Are you sure your DVD isn't there now that you've got the correct drivers in the kernel?  Check to see if it's now there as /dev/dvd1 instead of /dev/dvd.  Since you're now getting at it through a new driver, it's entirely possible that udev had decided to name it differently.  I've had this problem when swapping hardware around...  Every time I swapped a different dvd drive in, it would increment the number by 1, causing dvd player software to quit working, until I reconfigured something.  At first I would reconfigure the dvd player to look for the new drive name.  Then I realized that I only ever had a single dvd drive in the system, and it was nuts to see this number keep changing just because I was swapping hardware around.

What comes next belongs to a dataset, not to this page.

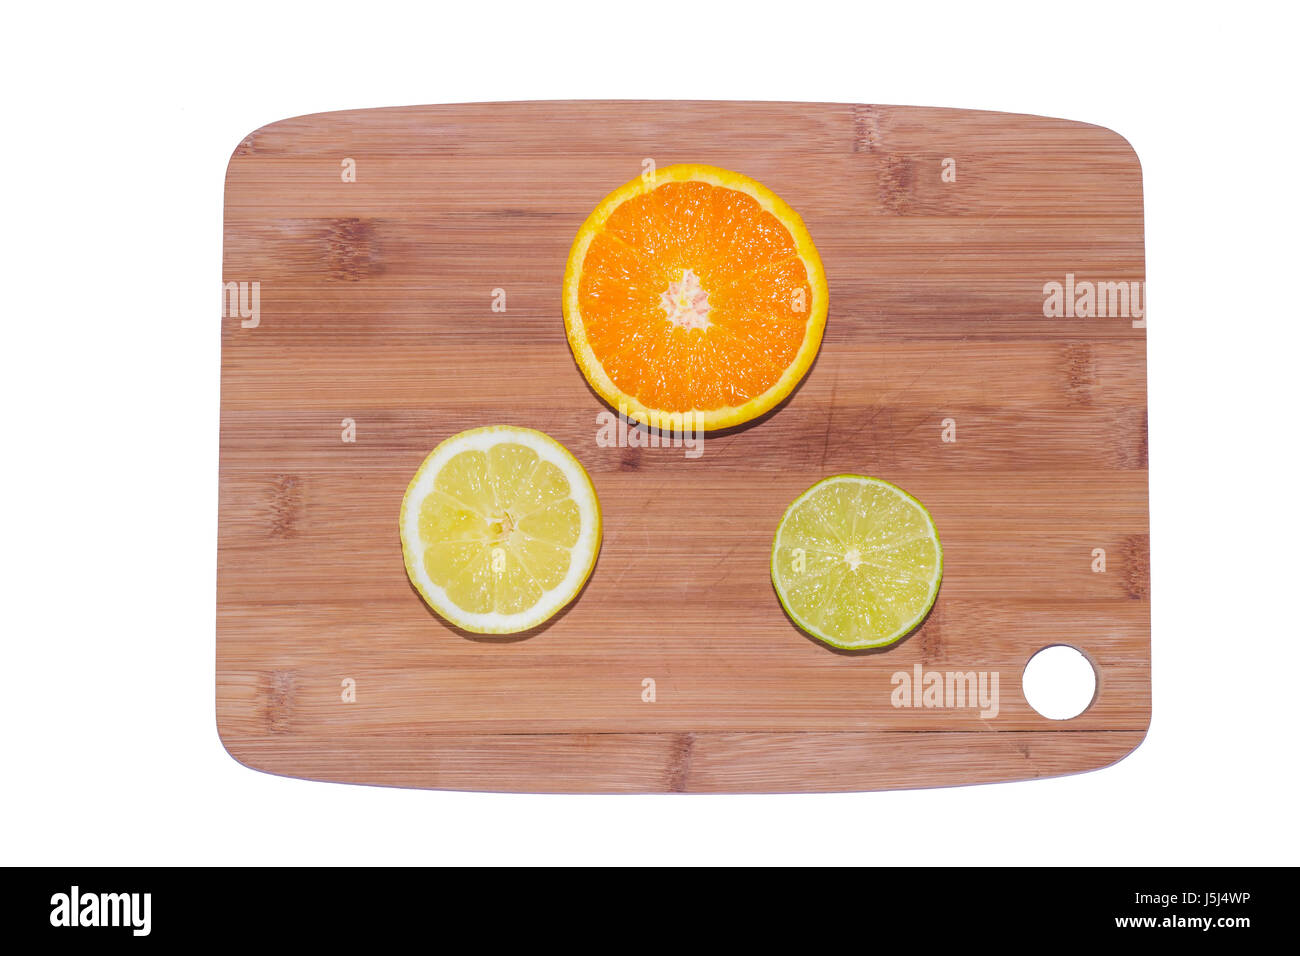 A selection of chopped oranges, lemons and limes on a wooden board on white background. Stock Photo

Take a look in /etc/udev/rules.d/70-persistent-cd.rules and see if you've got multiple entries in there.  If so, you can either hand-edit the file, removing the old entry and update the newer entry to give the name you want, or just erase the "added content", reboot, and let udev rebuild it for you with just the existing drive/driver.

----------

## k.wandowicz

 *depontius wrote:*   

> Are you sure your DVD isn't there now that you've got the correct drivers in the kernel?  Check to see if it's now there as /dev/dvd1 instead of /dev/dvd.  Since you're now getting at it through a new driver, it's entirely possible that udev had decided to name it differently.  I've had this problem when swapping hardware around...  Every time I swapped a different dvd drive in, it would increment the number by 1, causing dvd player software to quit working, until I reconfigured something.  At first I would reconfigure the dvd player to look for the new drive name.  Then I realized that I only ever had a single dvd drive in the system, and it was nuts to see this number keep changing just because I was swapping hardware around.

 

Thanks for the suggestion. I checked, but unfortunately it isn't there.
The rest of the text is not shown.